» **Your objective**
Copy exactly the lines of the records below, and only those lines, beginning with the line that contains "Kitchen Bench |" and ending with the line that contains "Cinderella, Mousou IDOL Report Junbigou 14".

» **Provided data**
***
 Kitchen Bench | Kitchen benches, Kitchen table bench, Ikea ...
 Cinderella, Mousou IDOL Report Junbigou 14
***
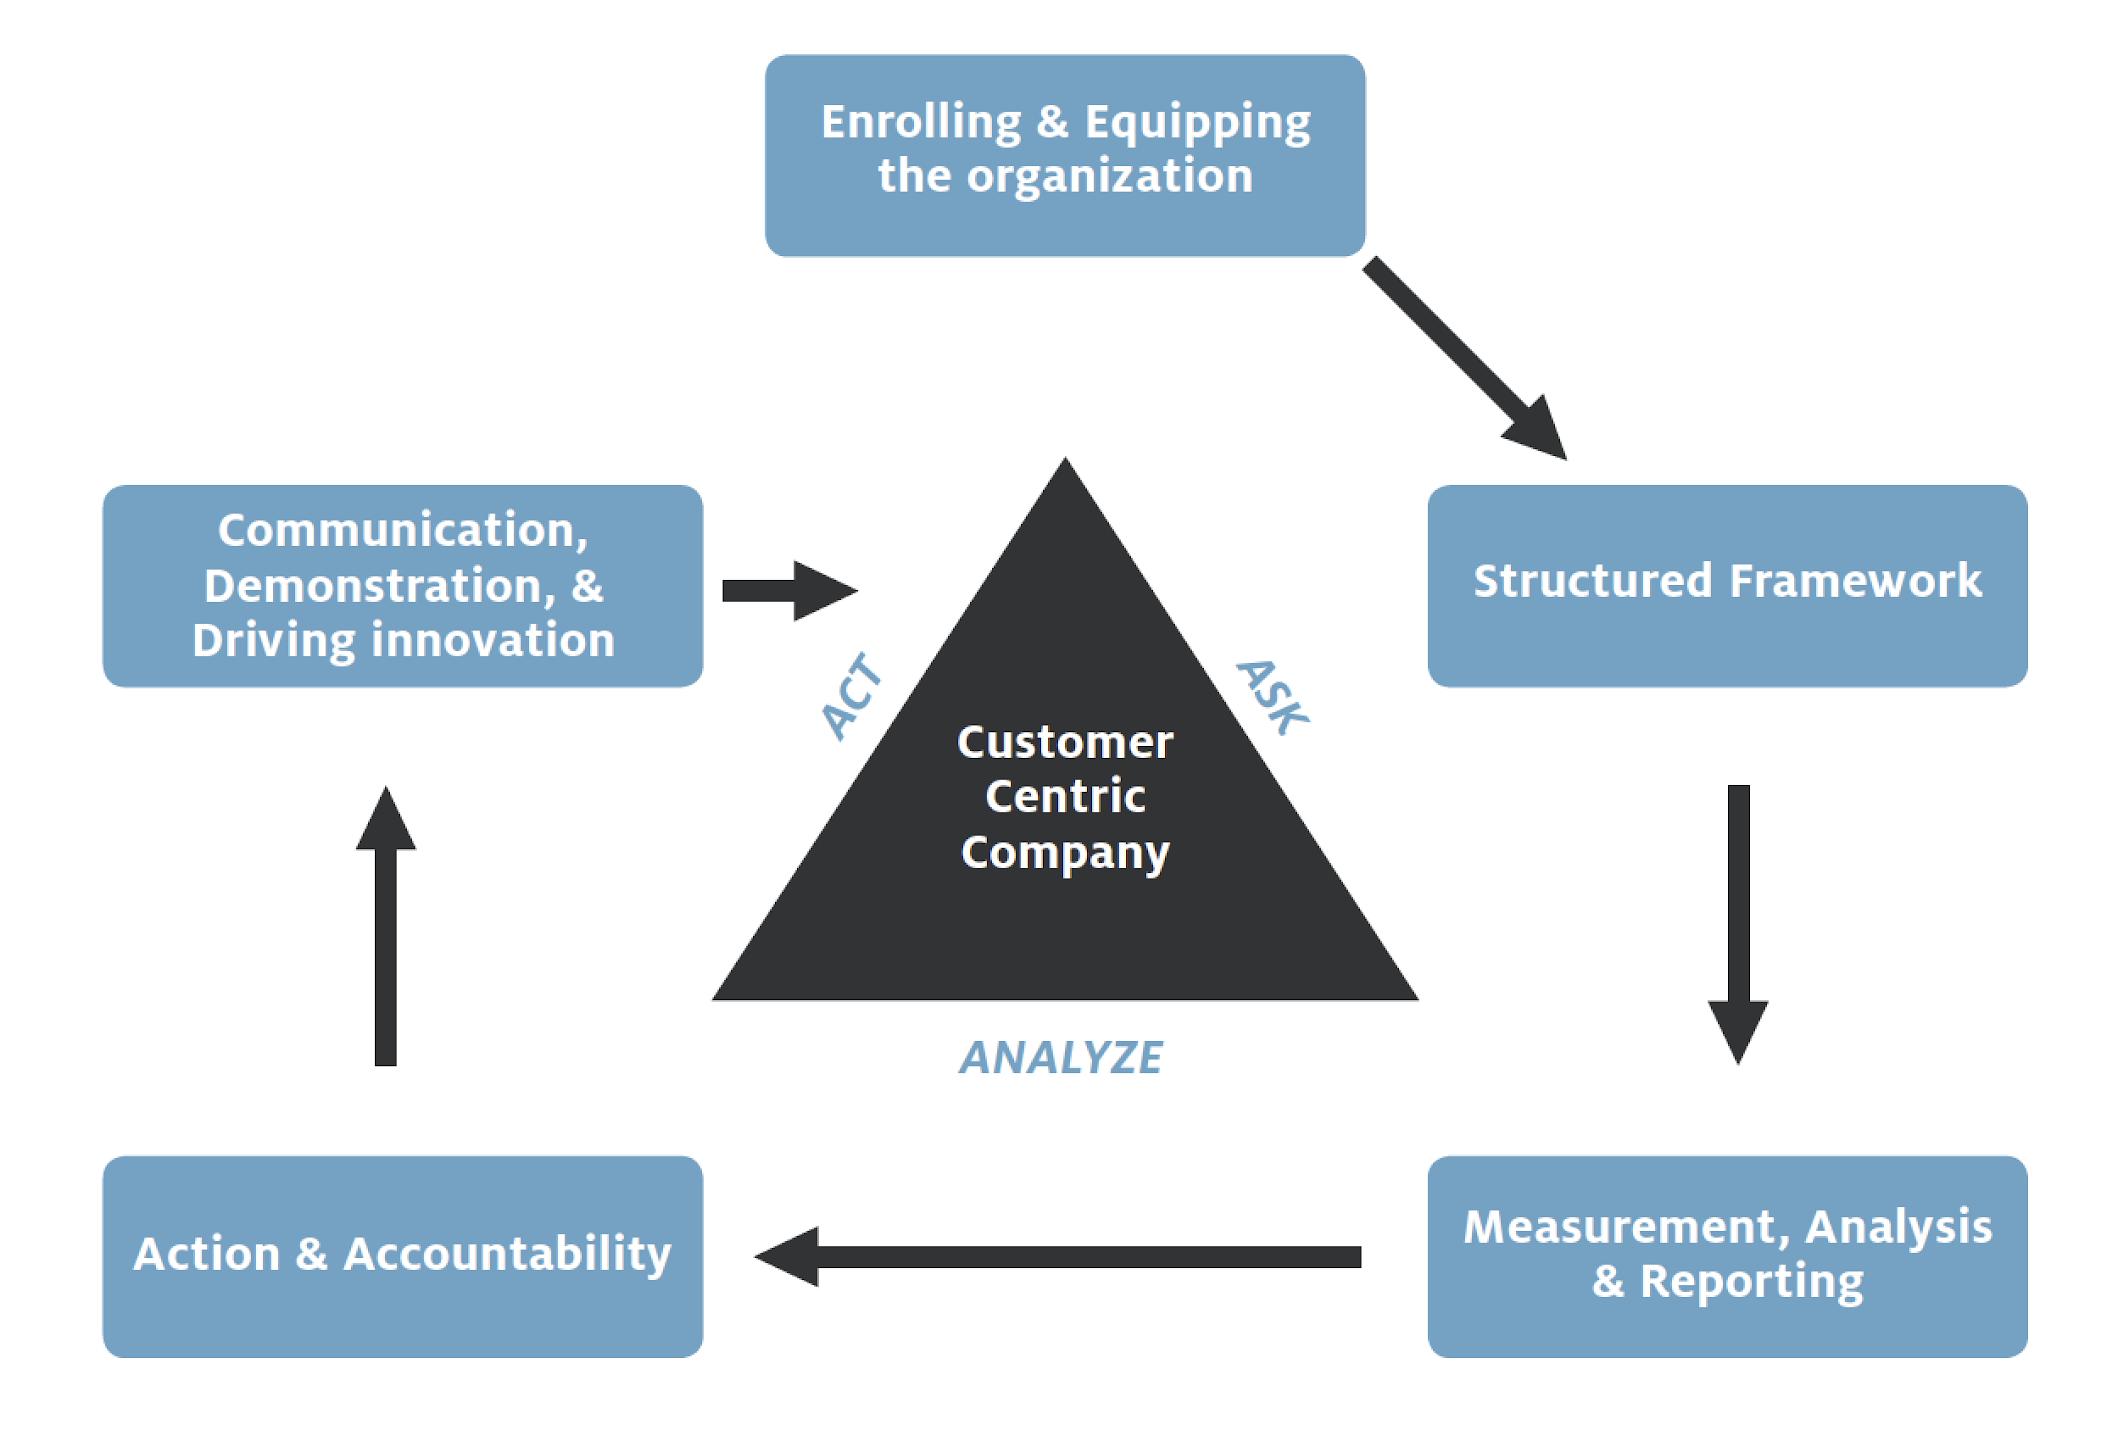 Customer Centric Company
***
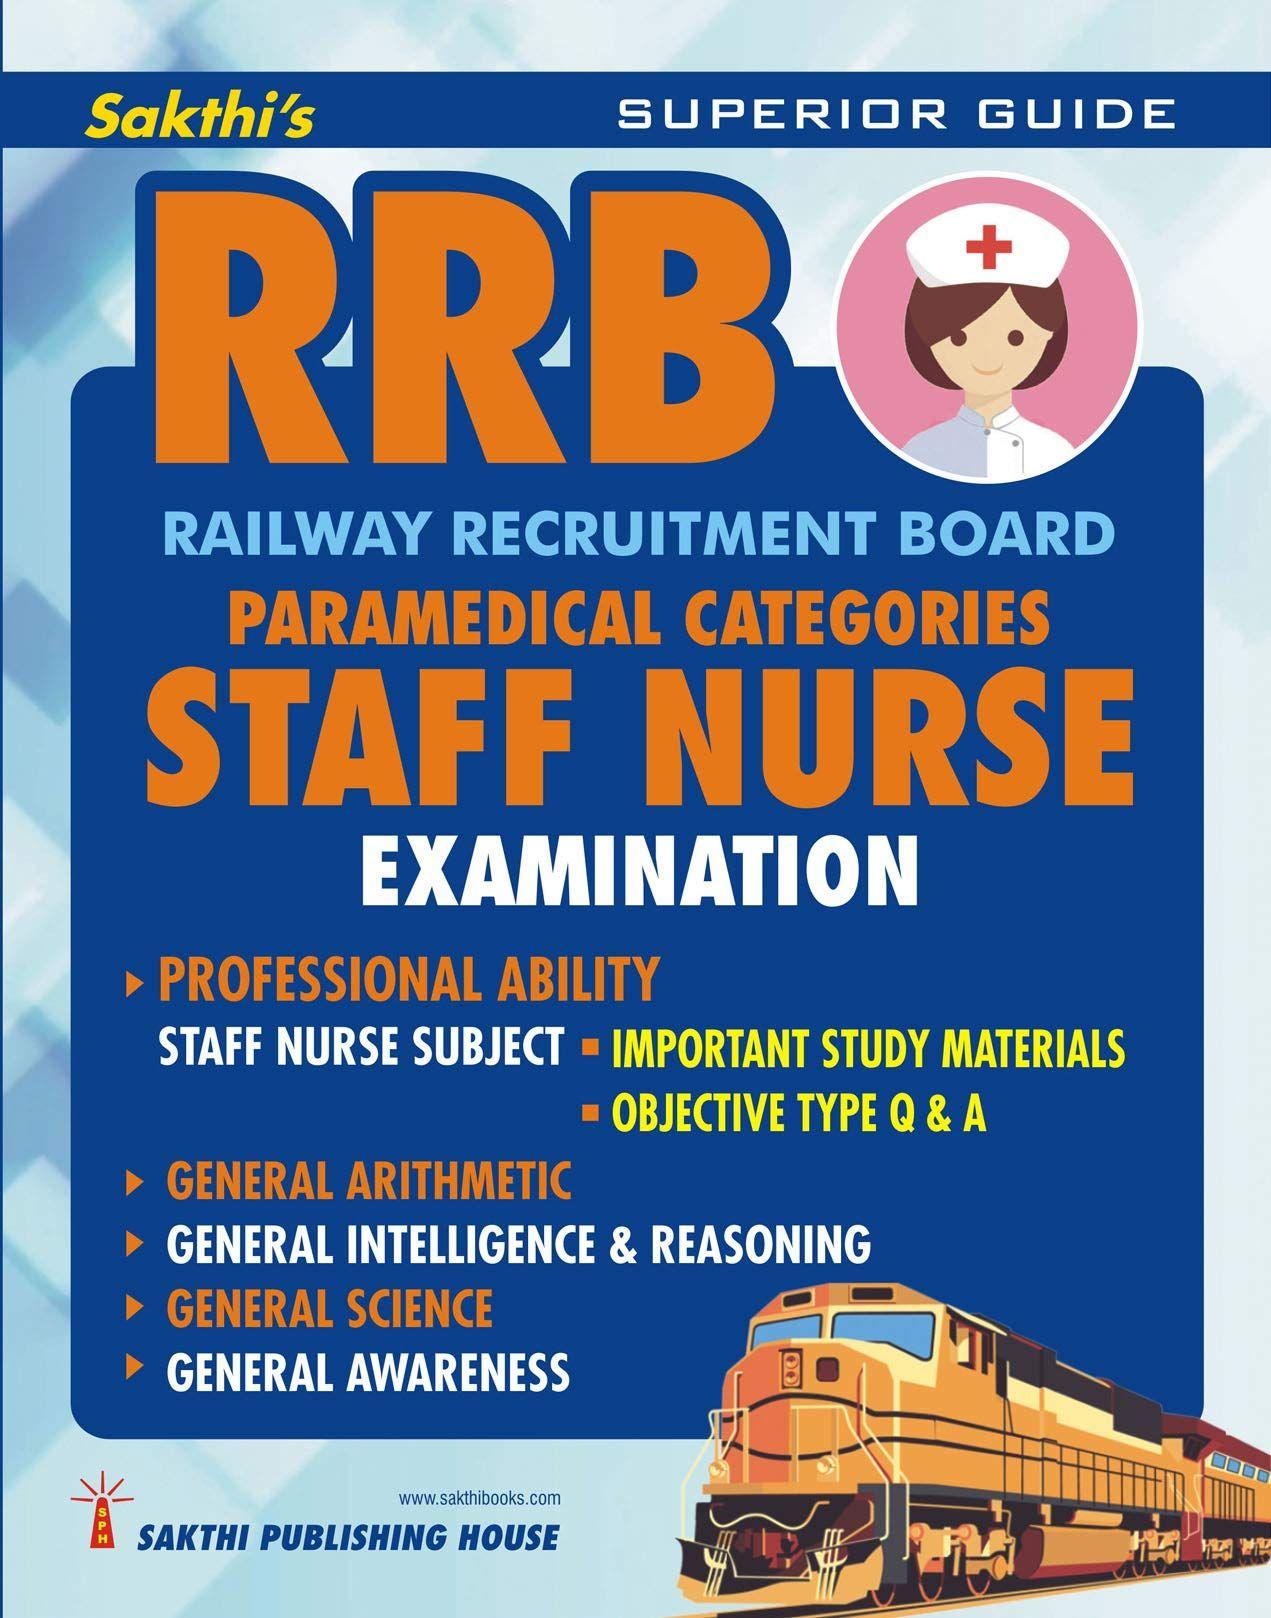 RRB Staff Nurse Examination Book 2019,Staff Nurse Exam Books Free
***
» **Exercise response**
 Kitchen Bench | Kitchen benches, Kitchen table bench, Ikea ...
 Cinderella, Mousou IDOL Report Junbigou 14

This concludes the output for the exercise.